Wolves chase rare double as Carolina eyes Stanley Cup and Calder Cup
Chicago opened the Calder Cup Finals chasing a rare Carolina double, with the Hurricanes within reach of both the Stanley Cup and Calder Cup in the same spring.

Chicago did not reach the Calder Cup Finals as a smooth favorite. It arrived in Rosemont with a chance to help the Carolina Hurricanes pull off something the sport has not seen since 1995, when the New Jersey Devils and Albany River Rats won the Stanley Cup and Calder Cup in the same spring.
The Wolves opened the best-of-seven Finals against the Toronto Marlies on June 12 at Allstate Arena carrying a 10-6 playoff record, three series wins and a larger organizational mandate. Carolina had already banked Calder Cups with Charlotte in 2019 and Chicago in 2022, and this run gave the franchise a third Finals berth in the last eight seasons through its affiliates. A title would reinforce that development model on the biggest AHL stage.

Chicago’s path to the Finals was built on survival and adjustment. The season began with Cayden Primeau expected to be the No. 1 goaltender, but waivers and NHL movement quickly scrambled the plan. The Wolves cycled through Ruslan Khazheyev, Amir Miftakhov and Nikita Quapp before Primeau briefly returned, then changed coaches when Cam Abbott was removed after 22 games. Spiros Anastas took over on an interim basis Dec. 12, 2025, and the Wolves answered with a 25-14-5-6 finish in his first 50 games before Carolina named him head coach on April 21, 2026.

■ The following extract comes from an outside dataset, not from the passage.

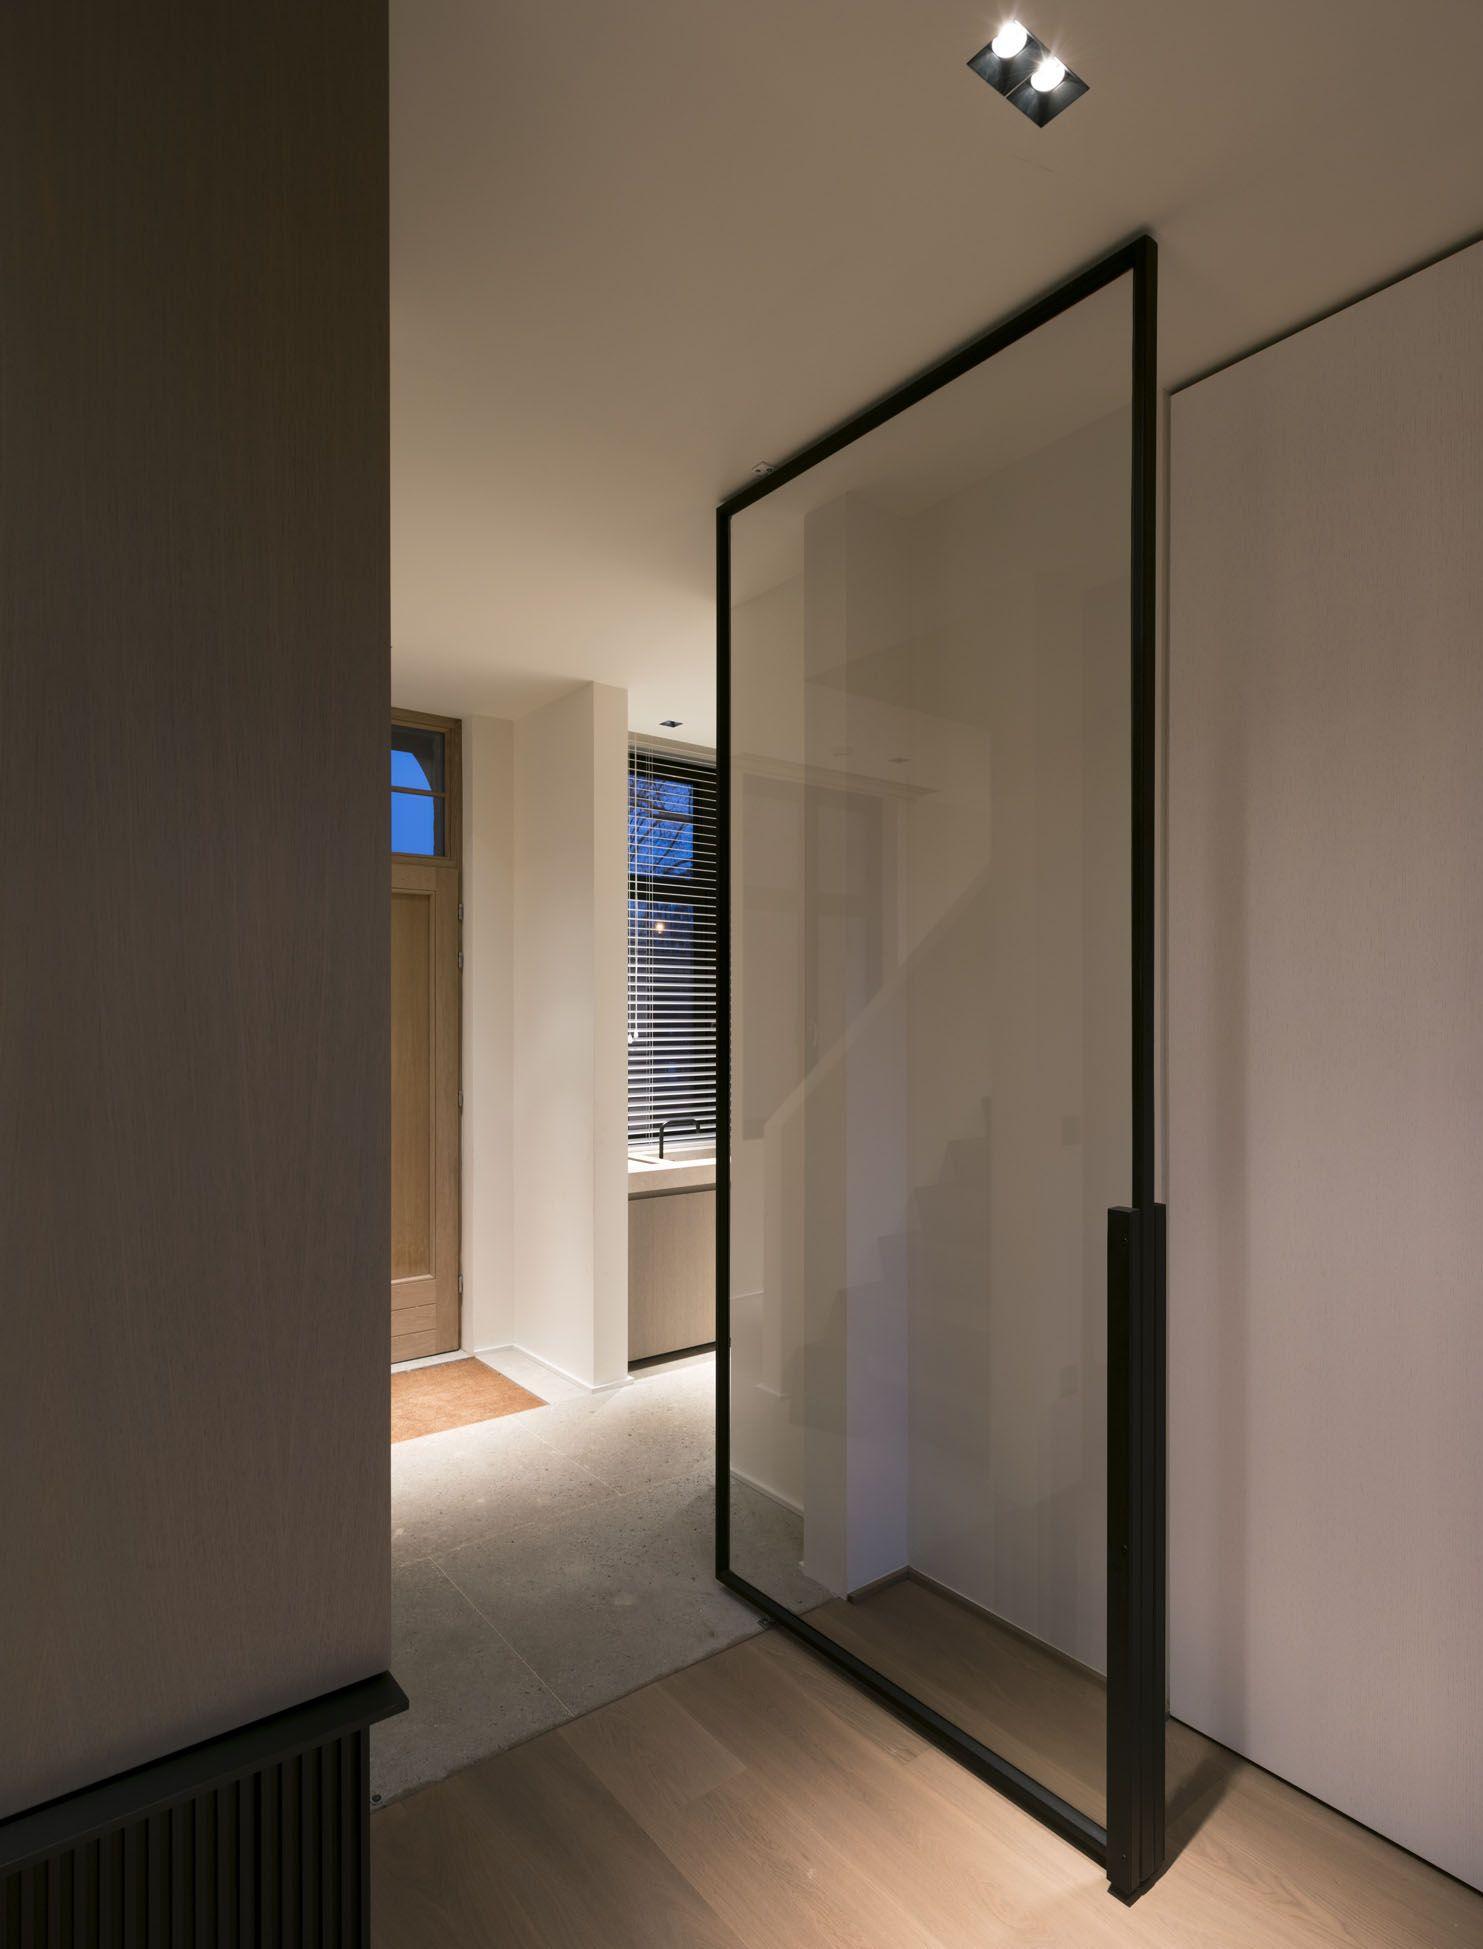 Kreon Lighting Minimalist Modern Led Design Architecture Glass Door Steel Black Recessed Spotlight Downlight Hal Door Design Steel Door Design Led Light Design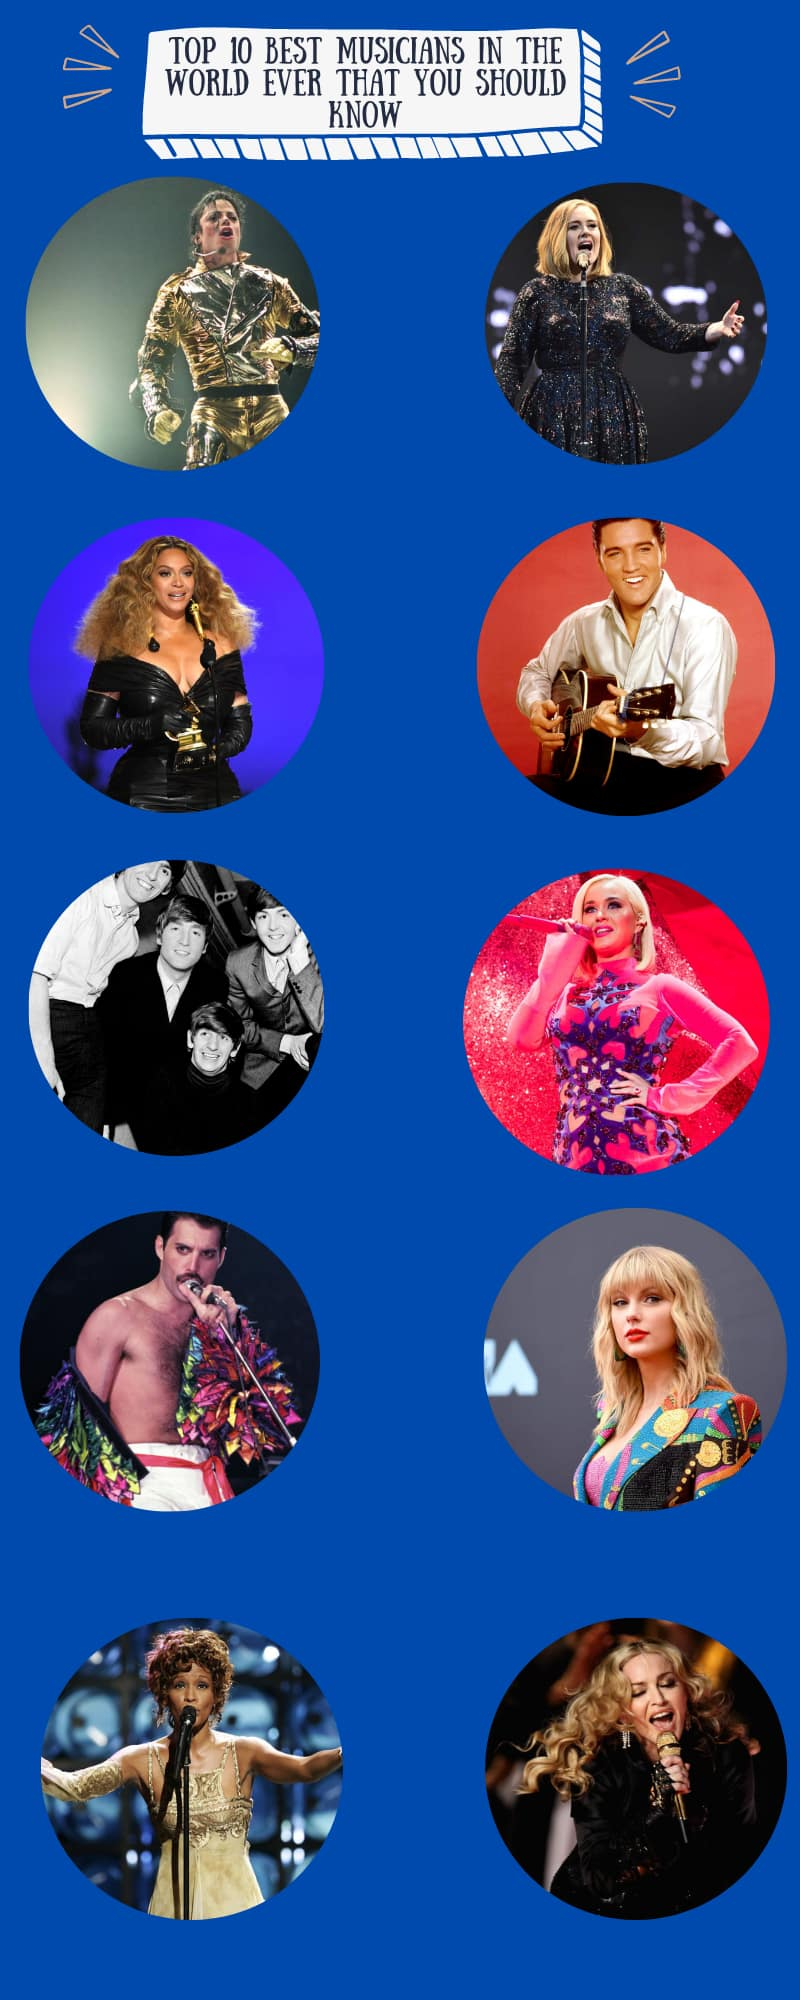 Best musicians in the world

That turnaround carried into the standings. Chicago finished the regular season 36-21-8-7 for 87 points, good for second place in the Central Division, then carried that form into the postseason. The Wolves beat Texas in five games, handled Grand Rapids in four, and survived the deepest test of the spring by beating Colorado in seven. Ryan Suzuki delivered the go-ahead goal in Game 7 against the Eagles, a score that sent Chicago to its sixth conference championship in 25 seasons as an AHL member.
The roster that powered the run was heavy on contributors and playoff experience. Bradly Nadeau, Ryan Suzuki and Justin Robidas were among the scoring leaders, Felix Unger Sörum led the team in regular-season points before injury intervened, and Miftakhov supplied critical emergency goaltending minutes when the Wolves needed them most. Chicago entered the playoffs with 114 career Calder Cup Playoff games on its roster, led by Primeau’s 24, a reminder that this team combined improvisation with a core that had already seen high-pressure hockey.
For Chicago, the Finals were about more than one series. A Calder Cup would cap a season of constant resets and place the Wolves alongside Carolina’s other affiliate champions as proof that the pipeline still works when the stakes are highest.